Sepp Blatter avait reporté cette date le plus loin possible dans le calendrier et dans son esprit mais ce matin, il n’est plus possible de reculer. La FIFA est dos au mur. Mur de la honte, des lamentations ou du silence, c’est selon. Un nouveau président sera élu aujourd’hui et la tâche qui l’attend est immense. Paradoxalement, il n’y a jamais eu autant de candidats: cinq, dont deux qui devraient se disputer le trône du football mondial. Qui de l’ambitieux Italien de Brigue Gianni Infantino ou du sulfureux Cheikh Salman du Bahreïn l’emportera?

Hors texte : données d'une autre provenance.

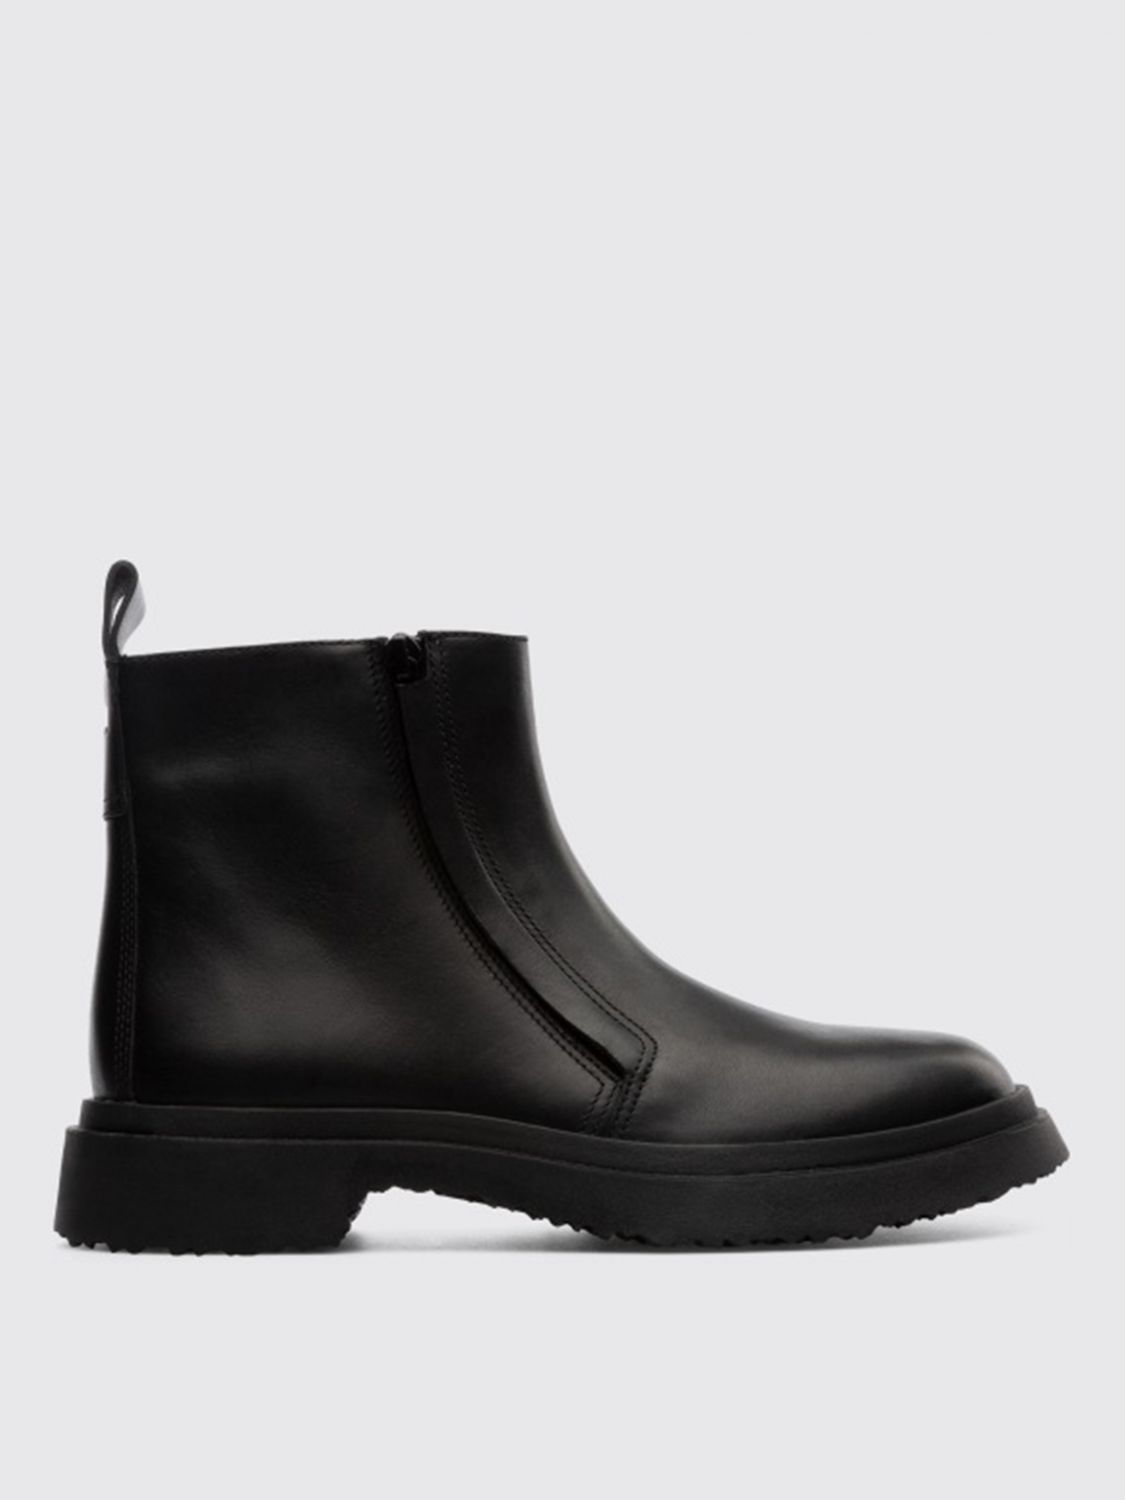 Camper Right Calfskin Ankle Boots (Boots,Flat Boots)

La décision est attendue en début d’après-midi mais elle ne sera pas fondamentale.

Les deux hommes ont tenu à chacun un discours différent et dit à tous ce qu’ils voulaient entendre: aux uns que tout allait changer, aux autres que tout continuerait comme avant; les grands médias ont entendu parler de transparence, d’intégrité, de bonne gouvernance, les petites fédérations d’aides, de subventions, de redistribution. On ne peut les en blâmer: on ne gagne un jeu qu’en en respectant les règles. La vraie question se posera au vainqueur. Que fera-il réellement? Qui, des spectateurs ou des électeurs, trompera-il par la suite?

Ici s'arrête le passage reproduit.